- Born: November 23, 1965 (age 60) Washington, D.C.
- Education: Princeton University University of California, Berkeley
- Known for: Jarzynski equality
- Awards: Sackler Prize Onsager Prize American Physical Society Fellow American Academy of Arts and Sciences Fellow Simons Fellow Guggenheim Fellow Member of the National Academy of Sciences
- Scientific career
- Doctoral advisor: Władysław J. Świątecki Robert Grayson Littlejohn
- Website: http://www.chem.umd.edu/faculty-staff-directory/facultydirectory/christopher-jarzynski

= Christopher Jarzynski =

American physicist (born 1965)

Christopher Jarzynski is an American physicist and distinguished university professor at University of Maryland's department of chemistry and biochemistry, department of physics, and institute for physical science and technology, and fellow of the National Academy of Sciences. He is known for his contributions to non-equilibrium thermodynamics and statistical mechanics, for which he was awarded the 2019 Lars Onsager Prize.
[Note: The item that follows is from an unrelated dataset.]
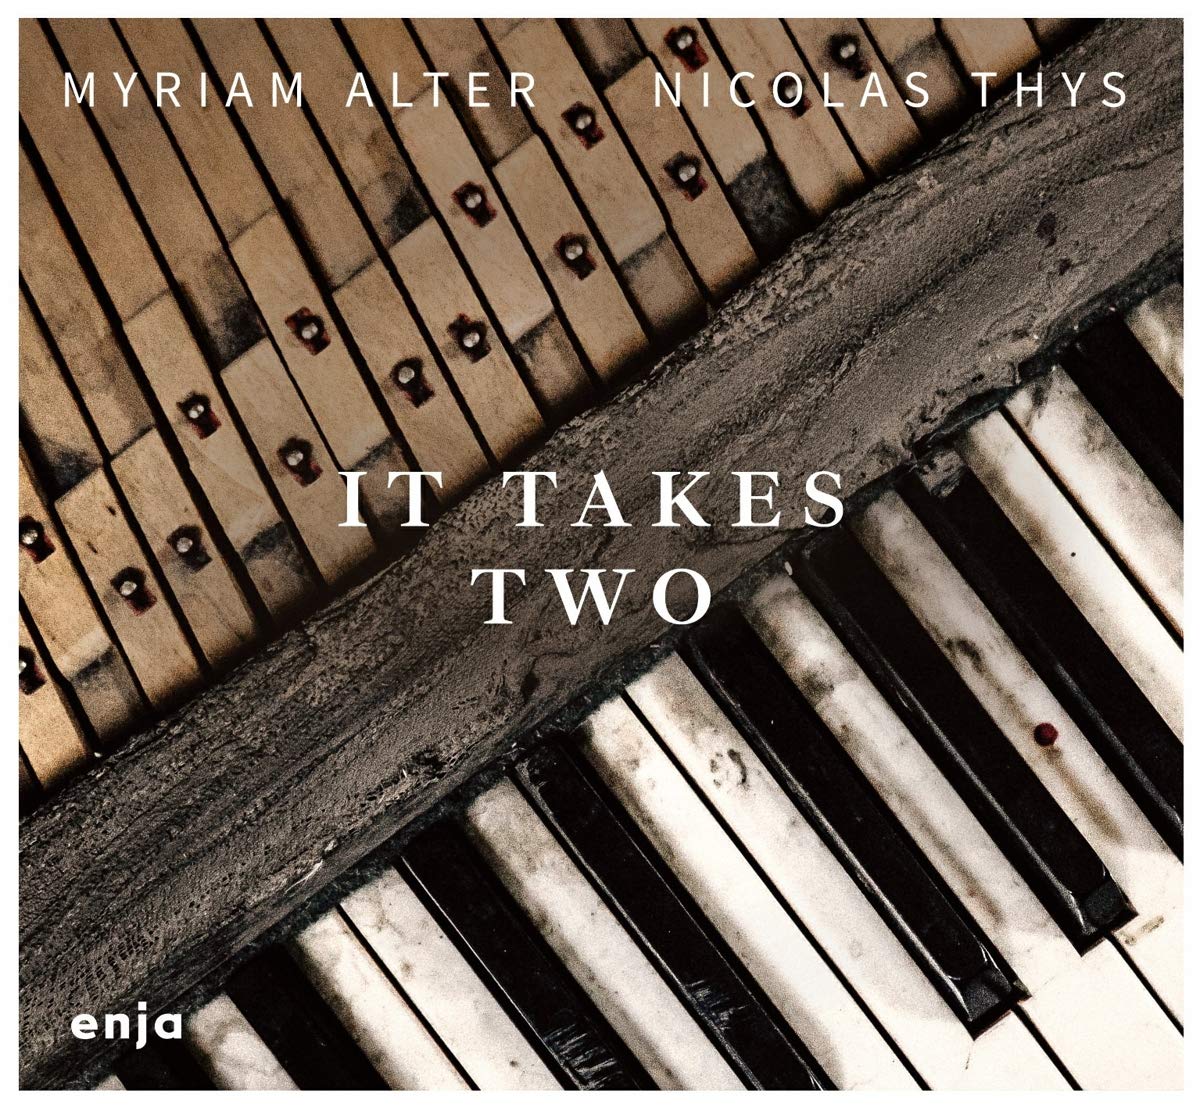 MYRIAM ALTER - Myriam Alter / Nicolas Thys : It Takes Two cover 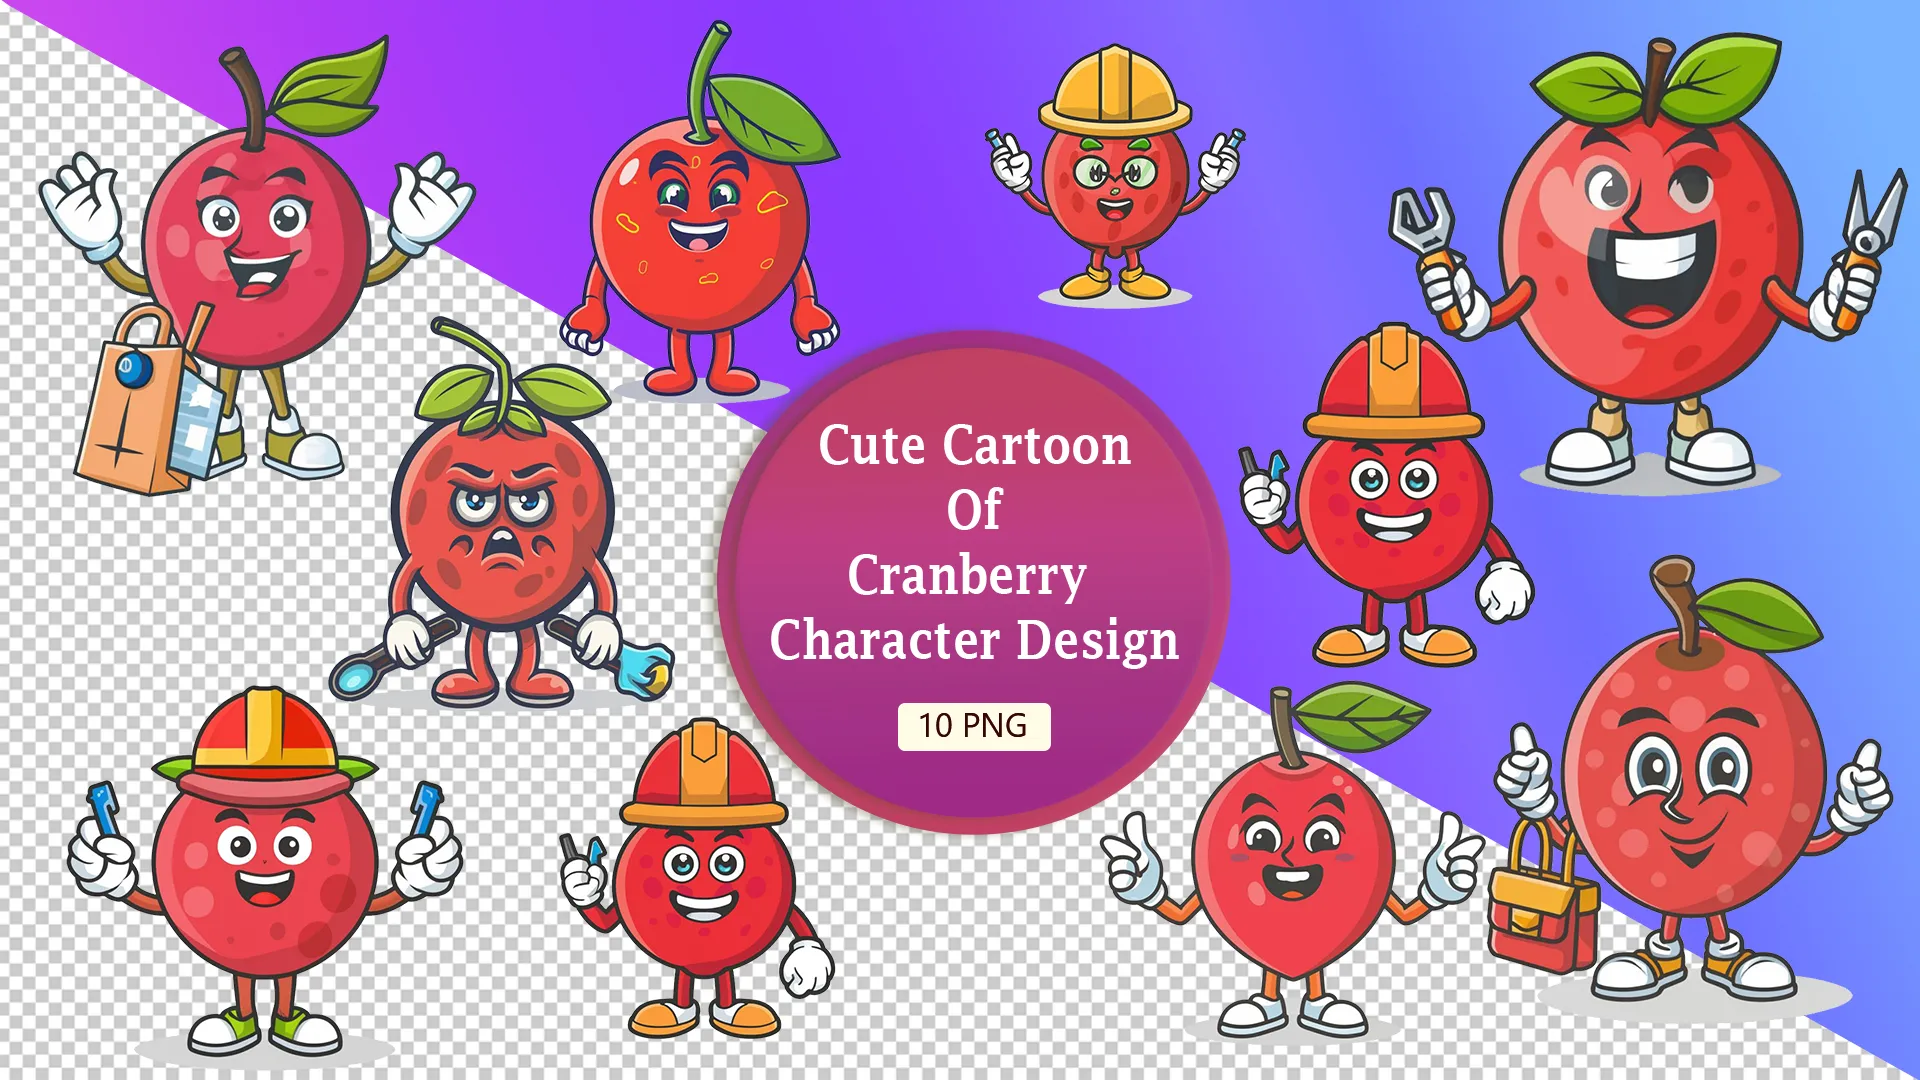 Playful Cranberry Design Pack

In 1997, he derived the now famous Jarzynski equality, confirmation of which was cited by the Nobel Committee for Physics as an application of one of the winning inventions of the 2018 Nobel Prize in physics—optical tweezers.

==Education and research==
Jarzynski graduated from Our Lady of Good Counsel High School in Wheaton, Maryland in 1983. He then attended Princeton University from where he graduated with high honors with an A.B. in physics in 1987 after completing a senior thesis titled "An experimental search for 1.7 MEV axions in nuclear decays, 'the detector from hell'." He received his Ph.D. in physics in 1994 from University of California, Berkeley, under the supervision of Władysław J. Świątecki and Robert Grayson Littlejohn.

At University of California, Berkeley, Jarzynski studied adiabatic invariants in chaotic classical systems. After graduating with a PhD, he spent ten years at Los Alamos National Laboratory, and since 2006 he has been faculty at the University of Maryland, College Park. His research is primarily in the area of non-equilibrium statistical mechanics, where he has contributed to an understanding of how the laws of thermodynamics apply to nanoscale systems. In 1997, he derived an equality, now known as the Jarzynski equality, that relates nonequilibrium fluctuations to equilibrium free energy differences, a result that has been verified in numerous experiments and has found applications in biophysics and computational chemistry. His current interests also include the thermodynamics of information processing, as well as shortcuts to adiabaticity in quantum, classical and stochastic systems.

== Awards and honours ==
He has been the recipient of a Fulbright Fellowship, the Sackler Prize in the Physical Sciences, and the 2019 Lars Onsager Prize. He is a fellow of the American Physical Society and the American Academy of Arts and Sciences. In 2020 he was elected to the National Academy of Sciences and awarded a Guggenheim Fellowship and Simons Fellowship.

Jarzynski is a member of the editorial board of the Journal of Statistical Mechanics: Theory and Experiment, and an associate editor of the Journal of Statistical Physics.